Ainda faltava dividir a conta. Apenas estávamos esperando toda a galera dar sinal de vida para fazermos isso. Não é como se eles fossem capazes de se comunicar desmaiados.

Enquanto a gente boiava, Liel se levantou, limpando sua boca com um lenço enquanto dizia:

— Podem ir dividindo os valores. Eu vou no banheiro e pago minha parte quando voltar.

E enfim, ele saiu. Não tinha como os outros fazerem a divisão, então fiz o favor de pedir a conta e calcular quanto cada um pagaria; já estou tão habituada com esse tipo de palhaçada que nem me importo mais. Enquanto ficava fuçando a calculadora, senti alguém dar uma cutucada em meu ombro. Quando me virei, percebi que Alex havia se sentado ao meu lado.

— Ei, Marcy. Aproveitando que essa galera não está ouvindo, poderia te perguntar uma coisa?

— Hm? Sim. Diz aí.

— Desde que chegamos, tu parece meio dispersa. Sei lá, é como se você não sentisse vontade de participar da conversa. Isso foi por que eles falaram da…

— Não sei de quem você está falando.

Ele recuou quando o interrompi. Seus olhos pareciam tensos e esboçavam um claro receio.

— Sendo sincera — continuei, — odeio quando vocês citam pessoas que eu nem conheço, ainda mais quando dizem que ela tem alguma relação comigo ou baboseiras desse tipo. É como se eu fosse a única a não entender a língua de vocês.
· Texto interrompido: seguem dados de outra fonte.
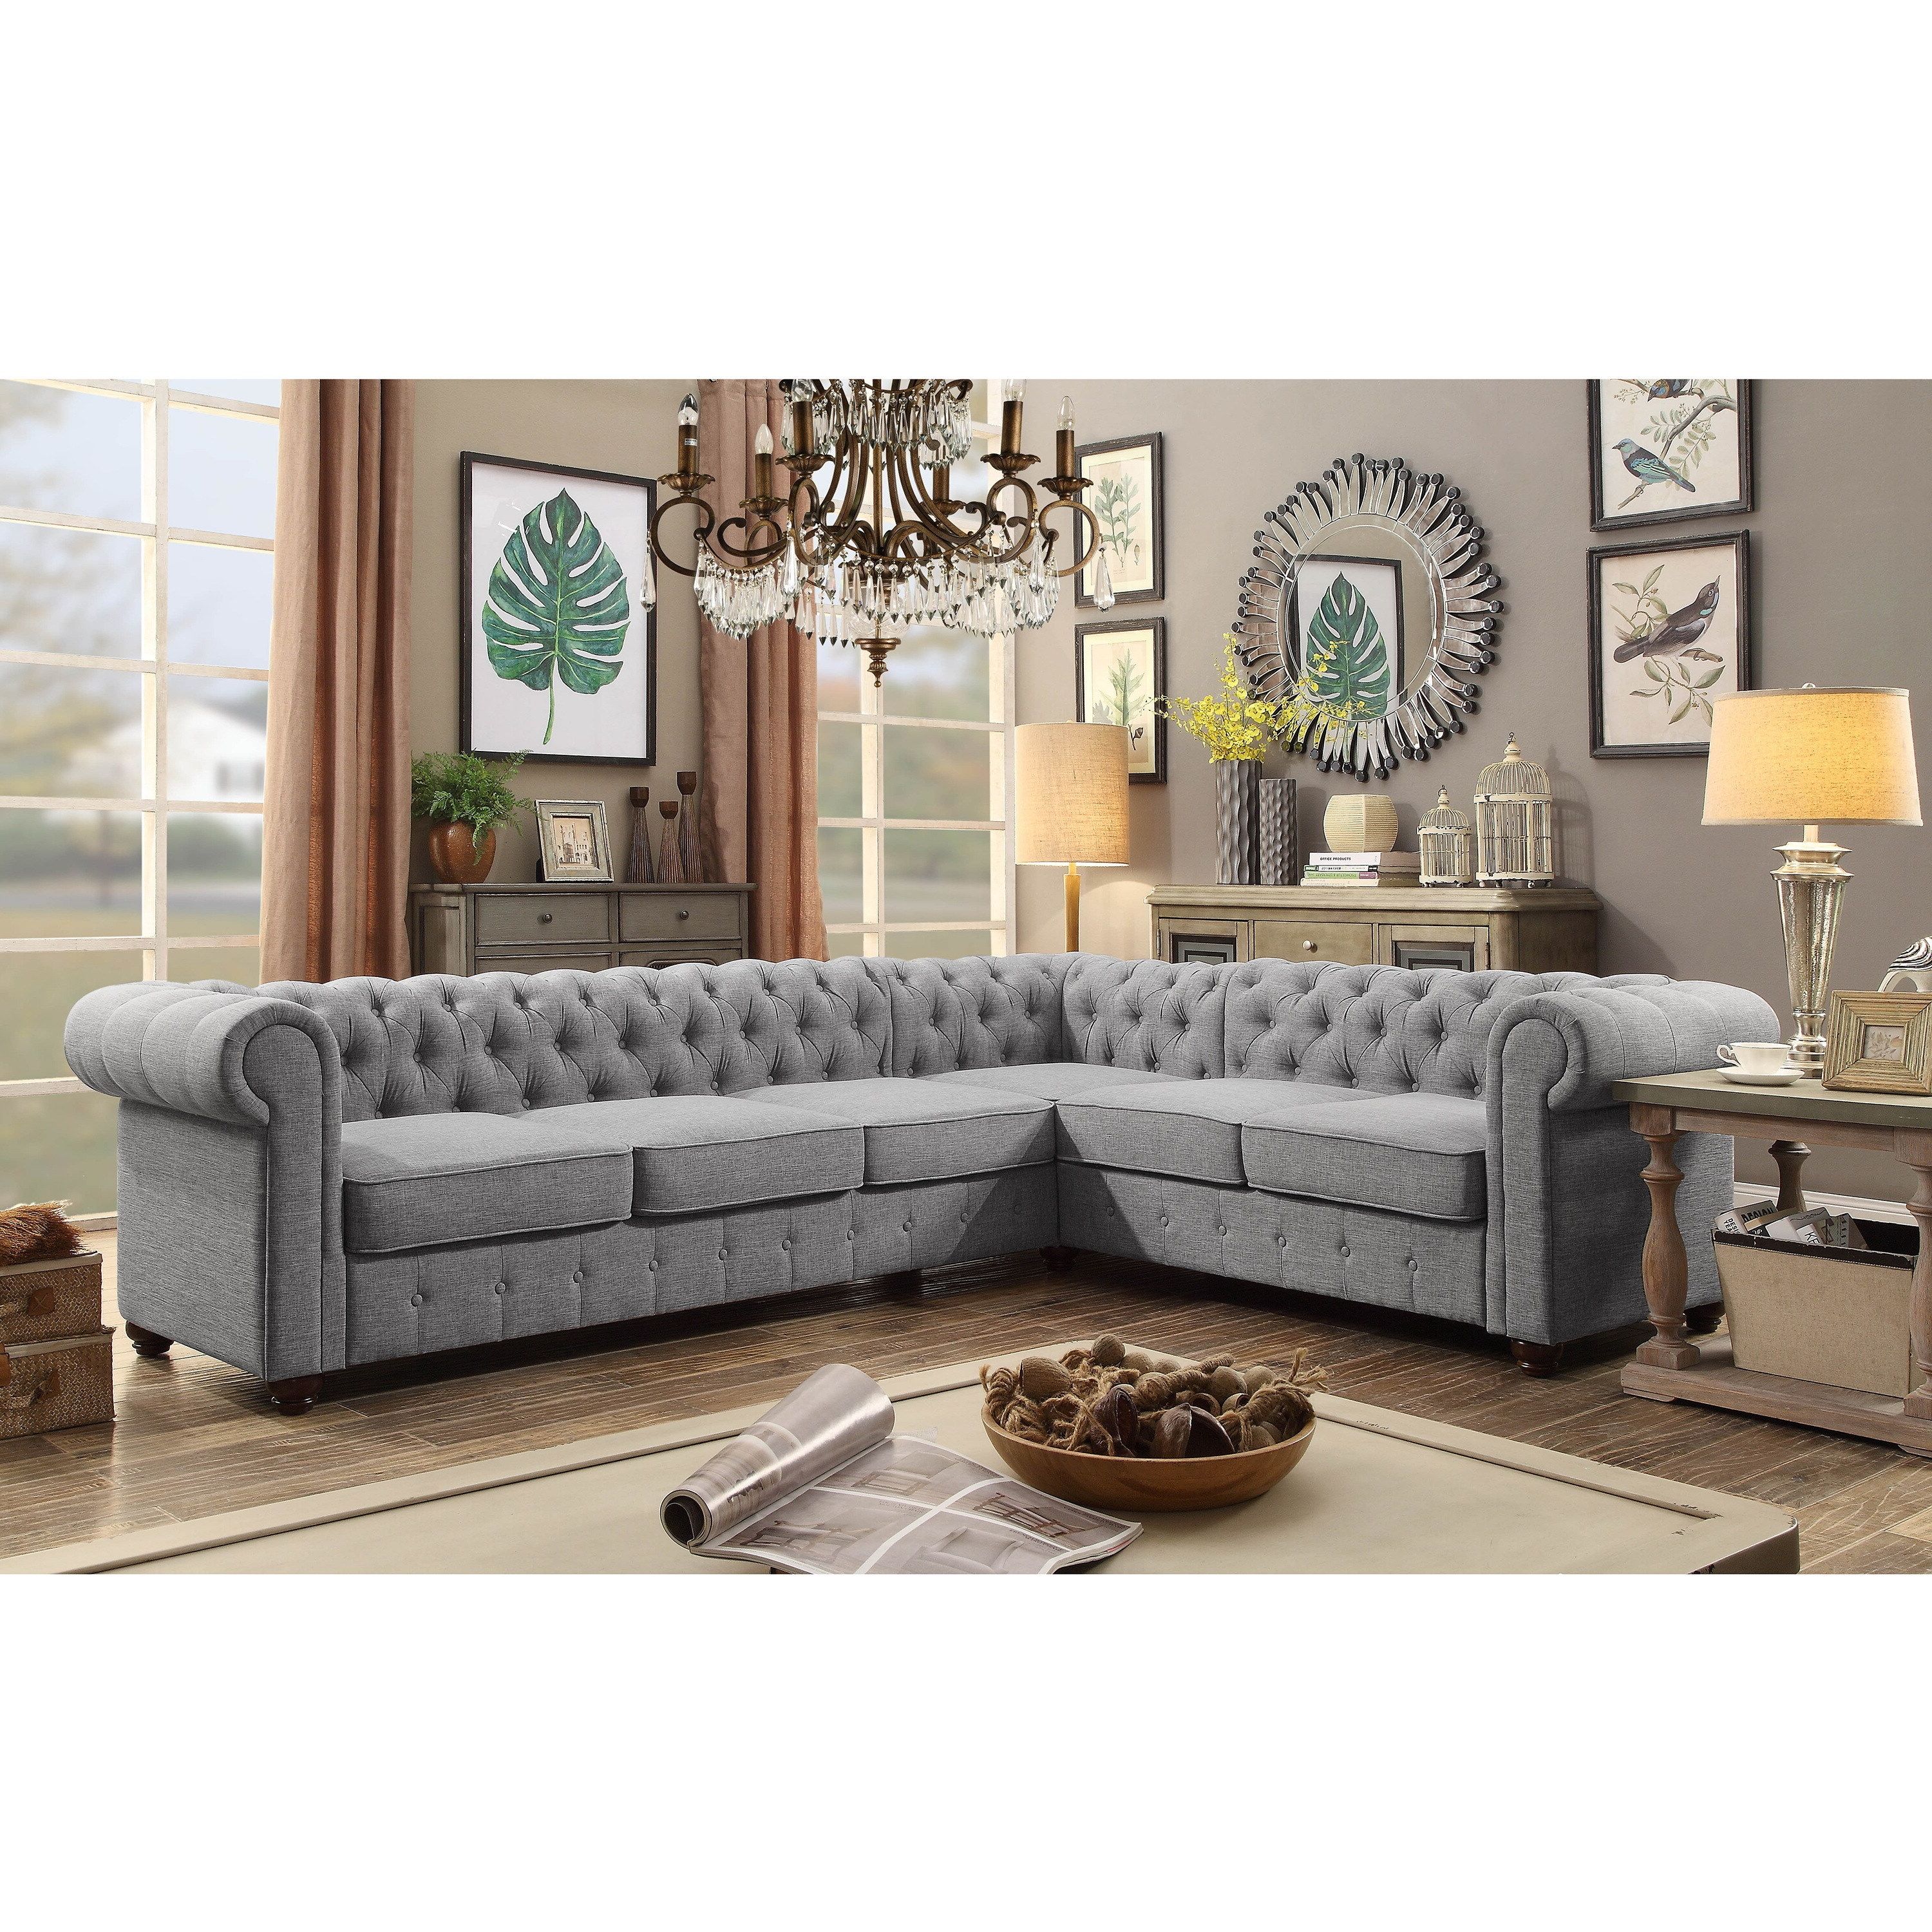 Moser Bay Garcia Furniture Linen 6 Seat Sectional Sofa Set – On Sale – –  12033154 Within 6 Seater Sectional Couches (View 10 of 20)

Alexander parecia querer falar alguma coisa, mas sempre que sua voz ia sair, ele parava. Claramente o loiro estava relutante.
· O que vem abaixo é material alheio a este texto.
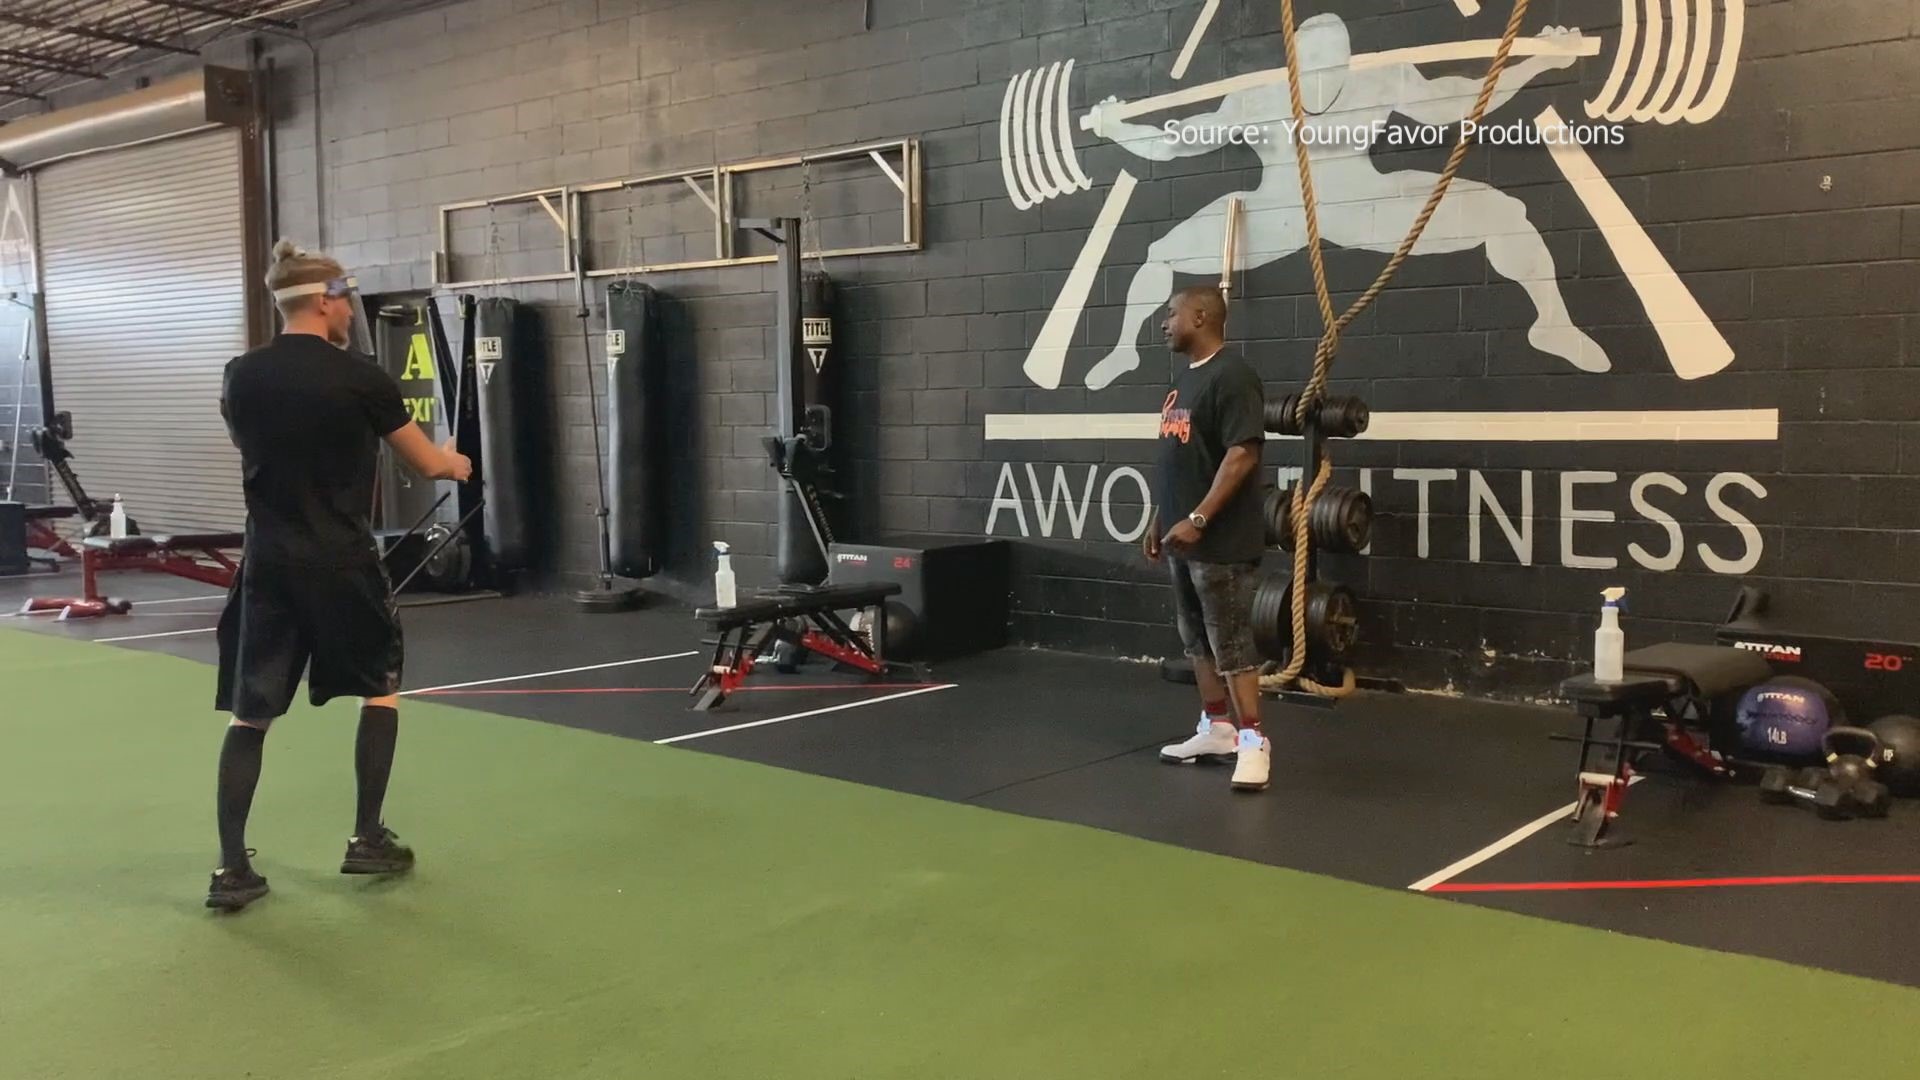 AWOL Fitness in Greensboro is transforming how fitness is done as safety remains top priority during COVID-19.

Após nossa conversa, ficamos em silêncio. O tempo começou a passar e quase todos na mesa já estavam “conscientes”. Já tinham se passado 20 minutos e nada do Liel retornar. Comecei a sentir um frio na barriga; não sei o porquê, mas tinha um mau pressentimento. Por isso, decidi ir atrás dele e avisei a todos que estavam aqui que iria procurar por ele.

Depois de me levantar, segui pelos corredores. Por sorte, apenas havia um banheiro na direção que ele havia ido, então não seria difícil de achá-lo. Foi do jeito que pensei: em poucos minutos, em meio à multidão, o encontrei. Só que, diferente do que eu esperava, o garoto não estava sozinho; havia uma outra presença muito familiar. O cabelo curtinho, o piercing na lateral da boca… Ah, merda! Eu tenho que correr. Isso não é um bom sinal.